I have a site with forms and as part of my anti hacking/bot measures I use a security token within the forms (among other things), which I believe is fairly common practice. The processing script also sends a report to me by email whenever something unusual occurs in a form submission to alert me to any attempted hack or bot activity. The report includes an IP lookup on the offending visitor.
Yesterday I got a report in from a problem form submission, the issue was with the security token. What struck me as odd about it was the IP lookup, it was someone local, like within two miles of me.
I have seen plenty of hack attempts on sites and they come from all over the world. This site is primarily of local interest, so the majority of visitors are local.
I got the day’s access log from the server and searched the IP there to track their activity and it first appeared to be a hack.

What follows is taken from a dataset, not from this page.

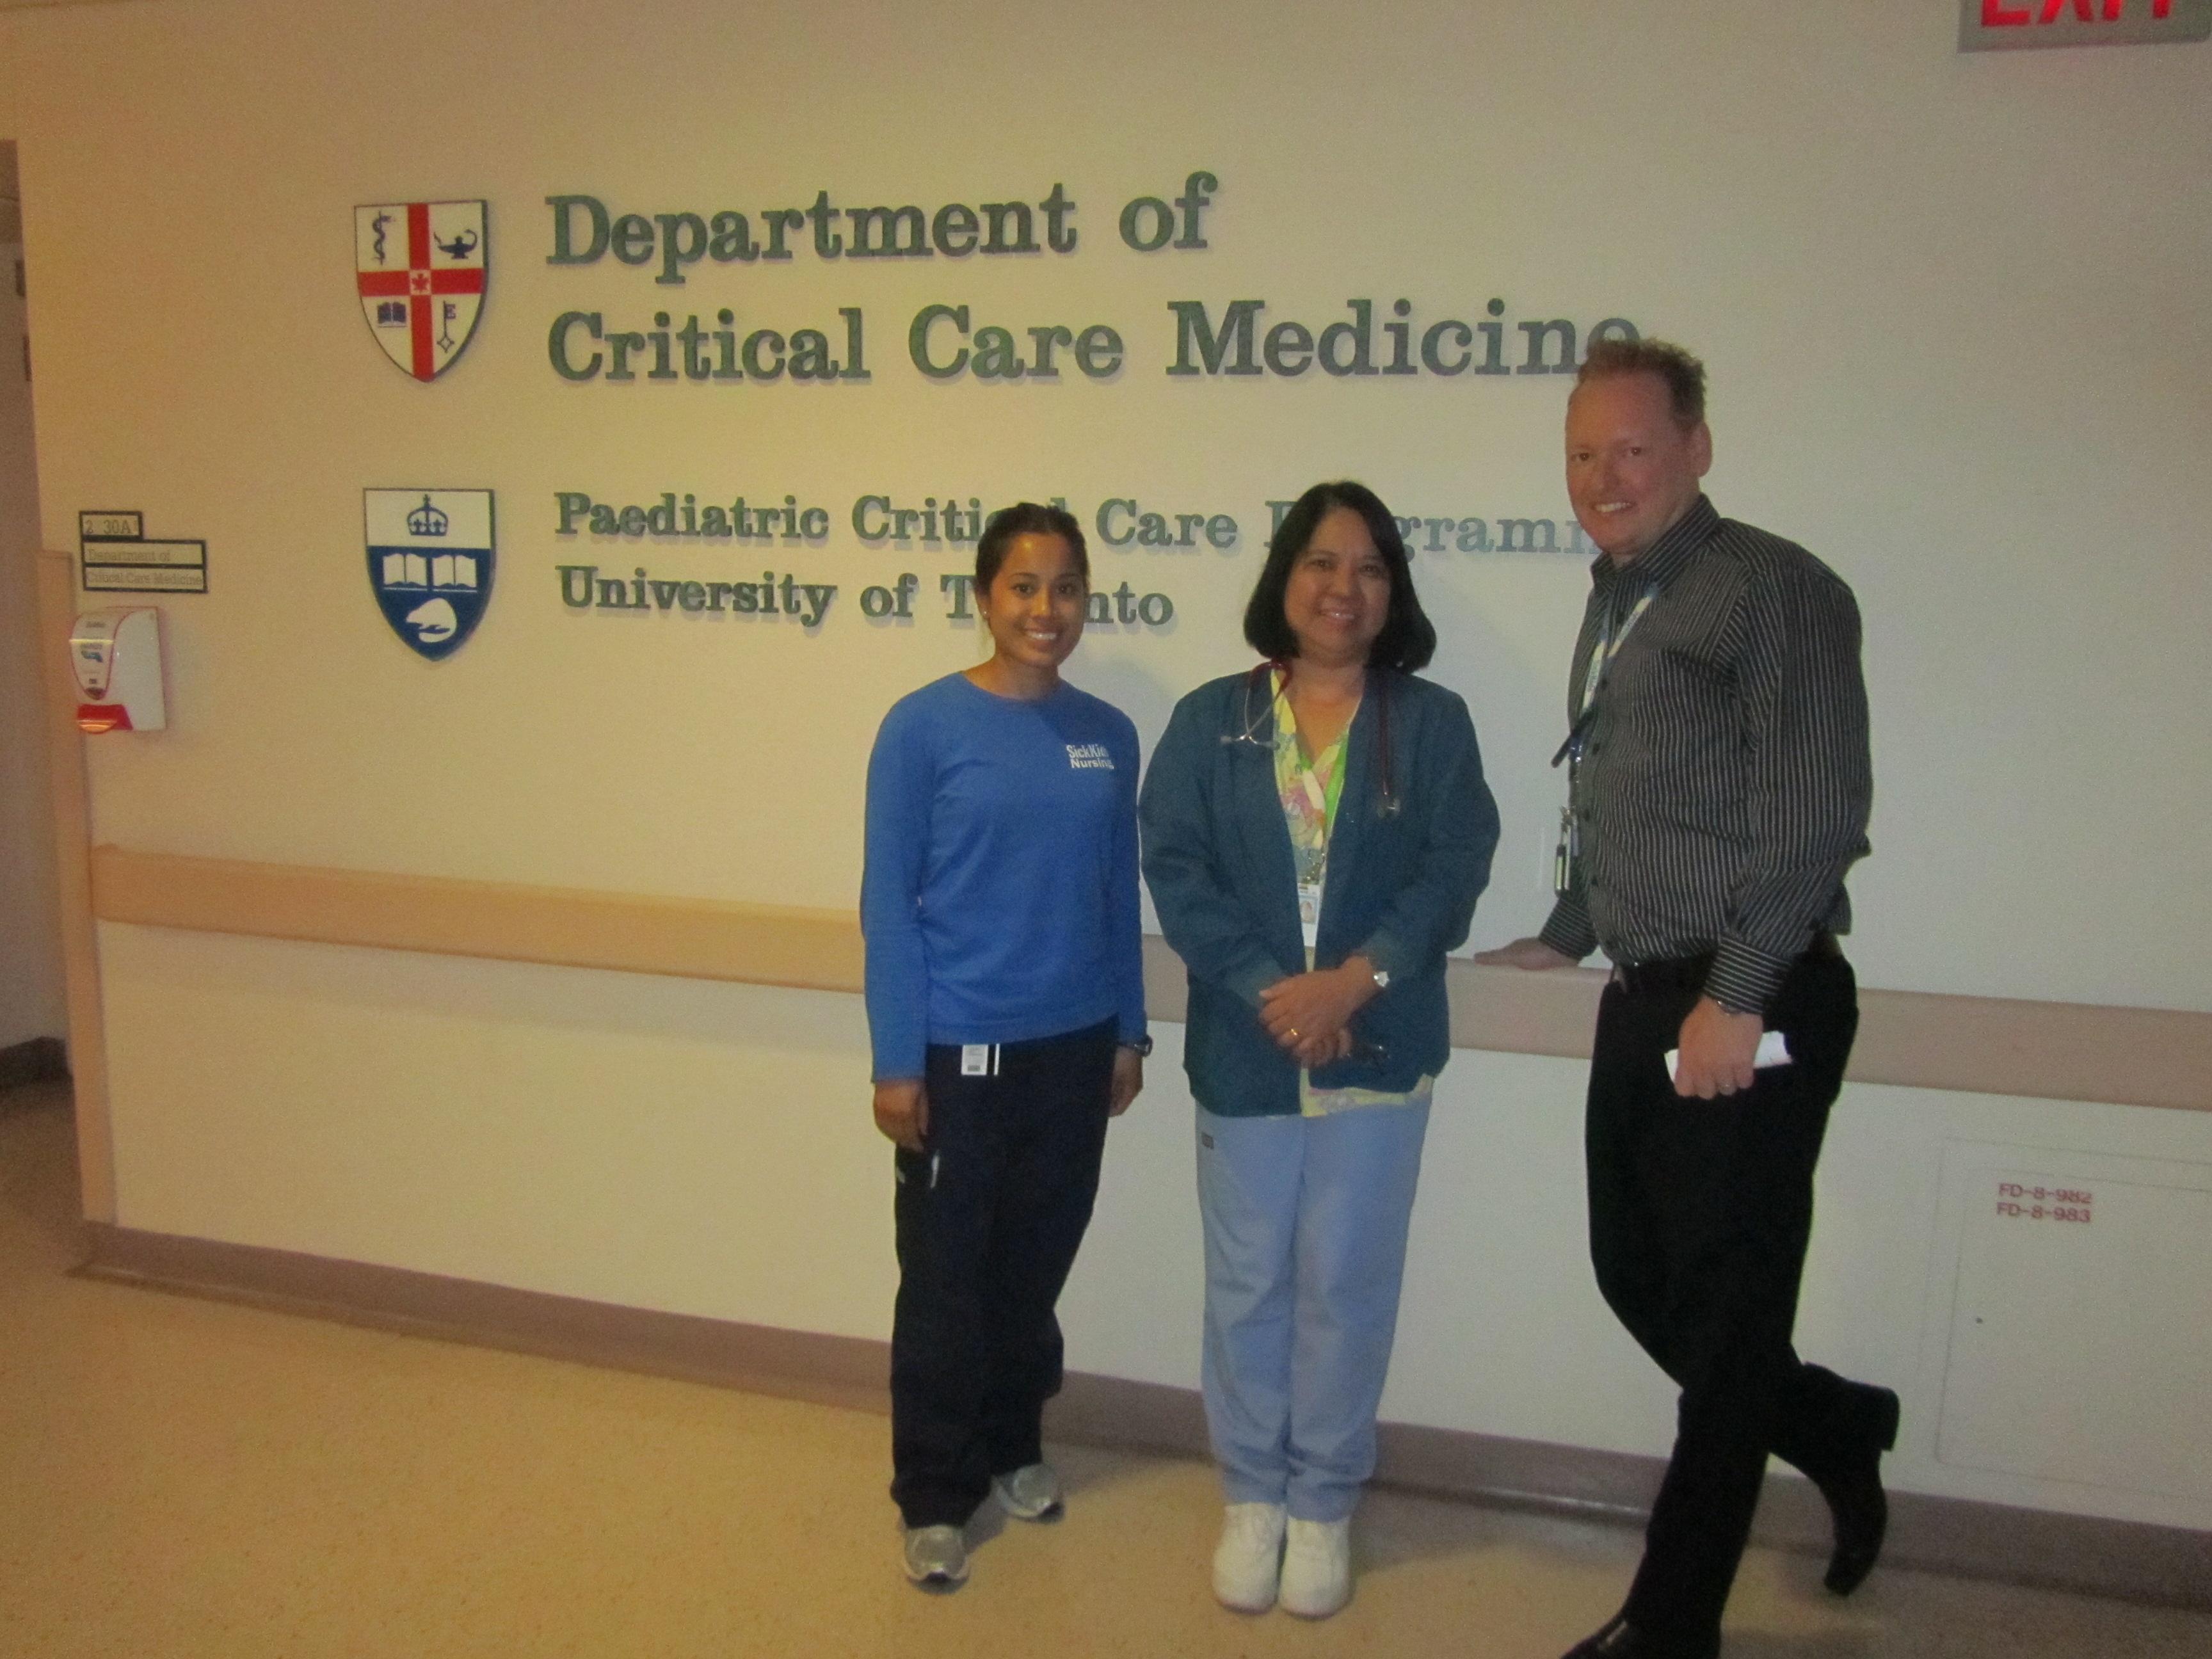 Rowena Zamora with colleagues, Elisa Cercado and Craig Campbell

I see them browsing various different pages, at some point looking at forms, then going to other pages. There is a GET request on one form, then a 15 minute pause. Their next request is a POST on a different form to their previous GET request, but a form that had viewed earlier. That was the only post and coincides with the hack report.
So at first I find this very suspicious, a POST coming from a form another than the last one viewed?
But then the thought occurs to me: What if they viewed the form (that was submitted) then opened another browser tab and continued to navigate the site in that new tab and end up on another form, which creates new tokens and overwrites the sessions for the earlier form? Then they switch tabs to the earlier form and submit it.
Well I thought I would try it for myself, and yes, doing that creates exactly the same reaction and report that user got.
So my question is: has anyone come across this issue before? And do you have a method for dealing with this?
I have already been throwing some ideas around in my head, but not decided on anything solid just yet, and before reinventing the wheel I would see if the clever people here already have something.
I guess one of the points is how strictly you react to this kind of form “error”. If you are confident the offender is malicious you may go nuclear on them. But if there is a possibility of a false positive affecting an innocent, legitimate user, some measures could create a very bad UX.
In this case it blocked them from the form for the duration of their session, which was probably annoying for them, but at least I did not permanently blacklist their IP or something or print a message saying they are a scumbag.
I thought as a quick fix to be friendlier, I could just display some generic error message like “Sorry, something went wrong with your form submission, please try again”.
But really there should be a smarter way to ensure this cannot happen and there are no false positives. Maybe by identifying each instance of a form and associating with its own token.